Complex join of longitudinal tables in R

I have ~16 .txt files that I need to turn into one, wide flat file. For each new file, time has passed, and some new variables are added. What I would like to do is append those new columns to the right side of the first table, joining by an identification variable. This gets complicated quickly, so here is an MRE:
library(dplyr)
id <- as.character(1:6)
first <- c("jeff", "jimmy", "andrew", "taj", "karl-anthony", "jamal")

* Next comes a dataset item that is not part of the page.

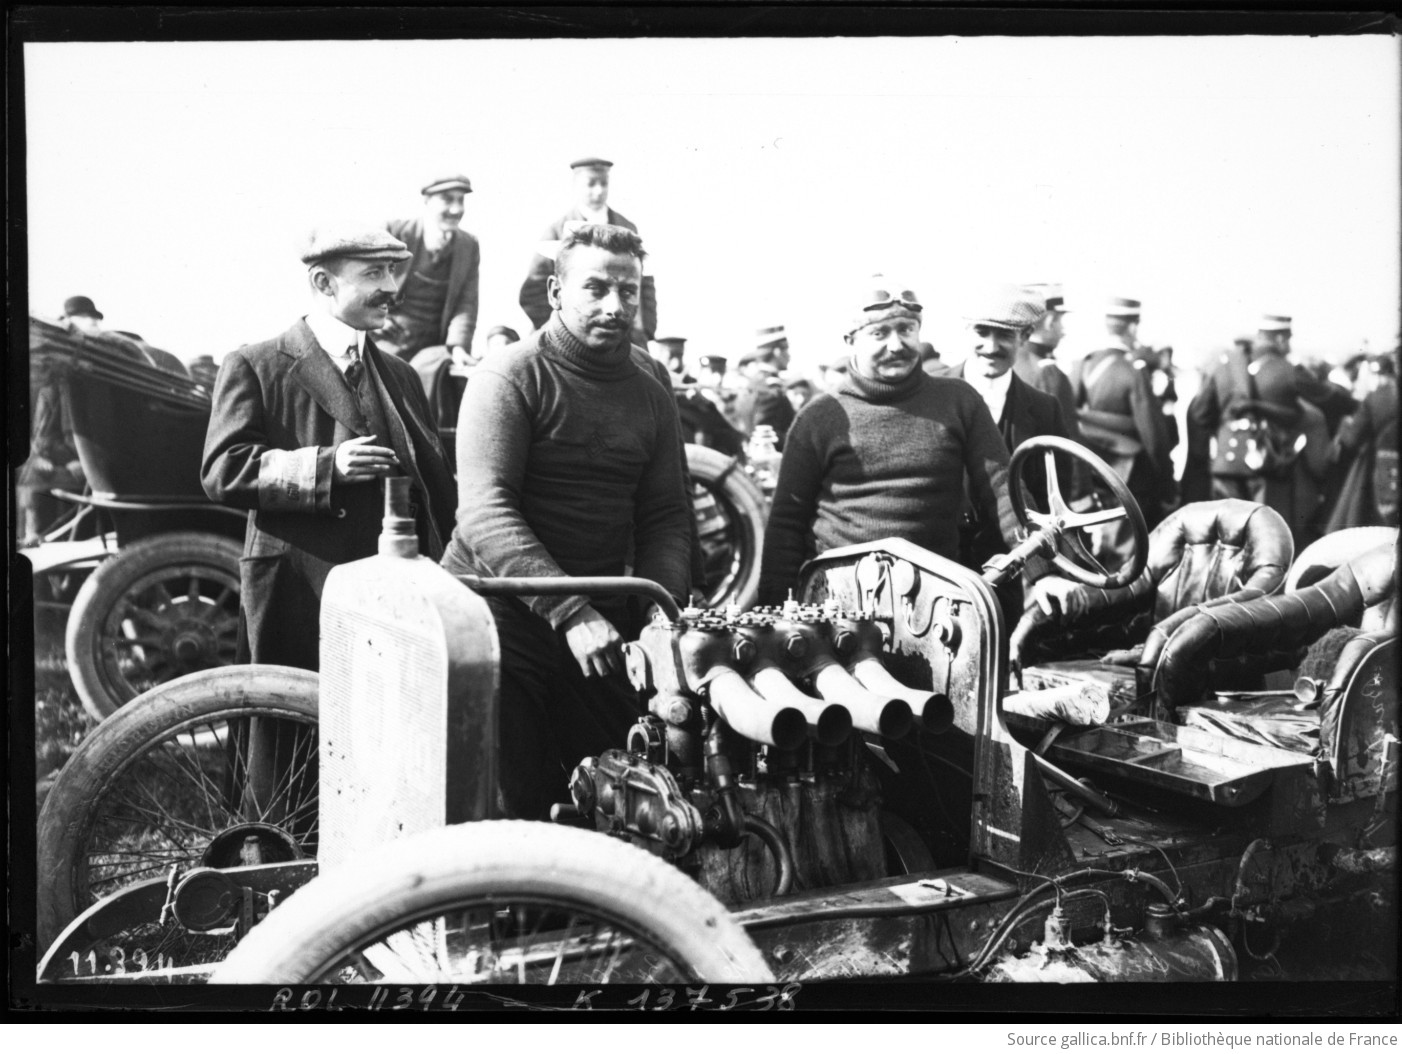 [18 septembre], Boulogne-sur-Mer, coupe des voiturettes 1910, la voiturette de Zuccarelli après son arrivée sur Hispano-Suiza : [photographie de presse] / [Agence Rol] - 1

last <- c("teague", "butler", "wiggins", "gibson", "towns", "crawford")
set.seed(1839)
a <- c(1:4, NA, NA)
b <- c(1:4, NA, NA)
c <- c(11:13, NA, 14, NA)
d <- c(11:13, NA, 14, NA)
e <- c(21, 22, NA, 24, NA, 26)
f <- c(21, 22, NA, 24, NA, 26)
Simulating the three different files:
df_1 <- data.frame(
id = id[c(1:3,5)],
first = first[c(1:3,5)],
last = last[c(1:3,5)],
a = a[c(1:3,5)],
b = b[c(1:3,5)]
)
df_2 <- data.frame(
id = id[c(1:3,5)],
first = first[c(1:3,5)],
last = last[c(1:3,5)],
c = c[c(1:3,5)],
d = d[c(1:3,5)]
)
df_3 <- data.frame(
id = id[c(1,2,4,6)],
first = first[c(1,2,4,6)],
last = last[c(1,2,4,6)],
e = e[c(1,2,4,6)],
f = f[c(1,2,4,6)]
)
df_goal <- data.frame(id, first, last, a, b, c, d, e, f)
df_goal is what I want, and here is what it looks like:
> df_goal
id first last a b c d e f
1 1 jeff teague 1 1 11 11 21 21
2 2 jimmy butler 2 2 12 12 22 22
3 3 andrew wiggins 3 3 13 13 NA NA
4 4 taj gibson 4 4 NA NA 24 24
5 5 karl-anthony towns NA NA 14 14 NA NA
6 6 jamal crawford NA NA NA NA 26 26
Note that these are very big files, and the columns are not always in the right order, so I cannot just say to join by keeping the first three columns.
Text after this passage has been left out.